Yet, on occasion some substances (madde) penetrate into the place where hair grows from, these substances then expand the pores and therefore prevent hair from growing. This state dominates in those who do not have beards alongside those whose remaining hair is easily uprooted.
With regards to those who have “moistness” (rutubet, a kind of hormone) in their temperament, the “substance” (madde) of the hair is more able to feel the preventitive effects of healing from baldness. In this instance, the castrated man may be able to grow a beard and in women, hair loss can be healed.

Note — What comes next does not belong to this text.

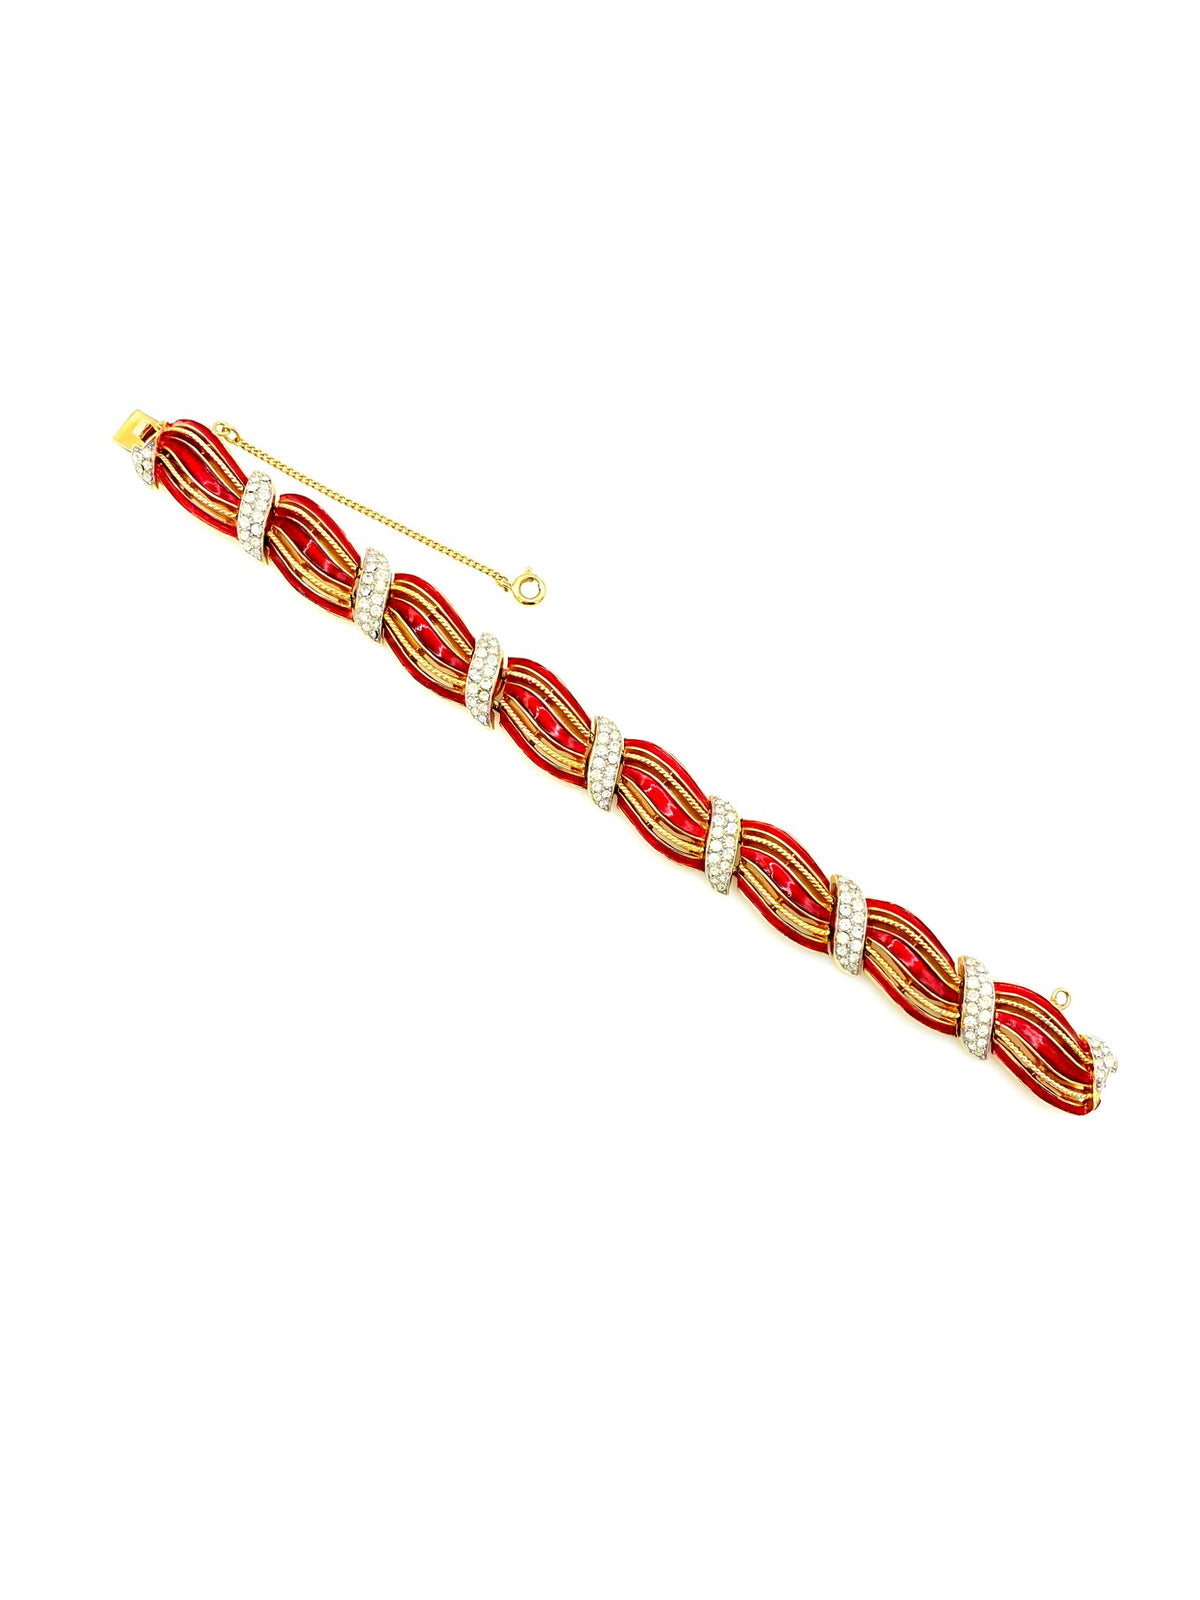 Gold Vintage Trifari Red Enamel Bow Rope Bracelet - 24 Wishes Vintage Jewelry

But when the “substances” of hair are spoiled, in other words, when the “malign humour” (habîs hilt) develops, the growth of hair is inhibited (hindered). This is what happens in “dâü’l-hayye” and “dâü’s-sa’leb” and in worn away chronic ulcers. This is the case in some types of baldness (kar’).
Although it is hard to cure baldness, it can be cured in some cases. That is, if measures are taken prior baldness develops, it can be prevented or its occurrence may be delayed.

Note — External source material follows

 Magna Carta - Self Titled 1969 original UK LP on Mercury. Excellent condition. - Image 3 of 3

As we have seen, several different terms, such as ” sal’“, “kar’“, “asla’“, “akra’” and “dâü’s-sa’leb” are used to desribe baldness or hair loss. As it is understood from the term itself, “dâü’s-sa’leb” is an illness (alopecia areata: porrigo decalcans), as a result of which baldness (asla’) takes place. Thus, the bodily, head and beard hair of people who suffer from this disease sheds.
The hard and cartilaginous character of the places of which hair, eyebrows and eyelashes grow from tend to hold hair. Since the skin of people of African-Carribean origin is firmer, baldness is rarer in them. Hence, the firmness of their skin holds their hair securely and it is hard to pull their hair out. It is due to this same reason that people from African-Carribean origin tend to have thinner hair.
Figure 4: An illustrated page of the Canon in a Hebrew translation. The miniatures shown here are the three basic stages of a physician’s visit with a patient: the examination of the patient, the consultation with attendants, and possibly a written prescription or treatment procedure. (Source).
After having discussed the causes of the scarcity or lack of hair and its symptoms Ibn Sina precedes to discuss medicine which protects and heals hair from diseases under the title “hair protecting medicine.”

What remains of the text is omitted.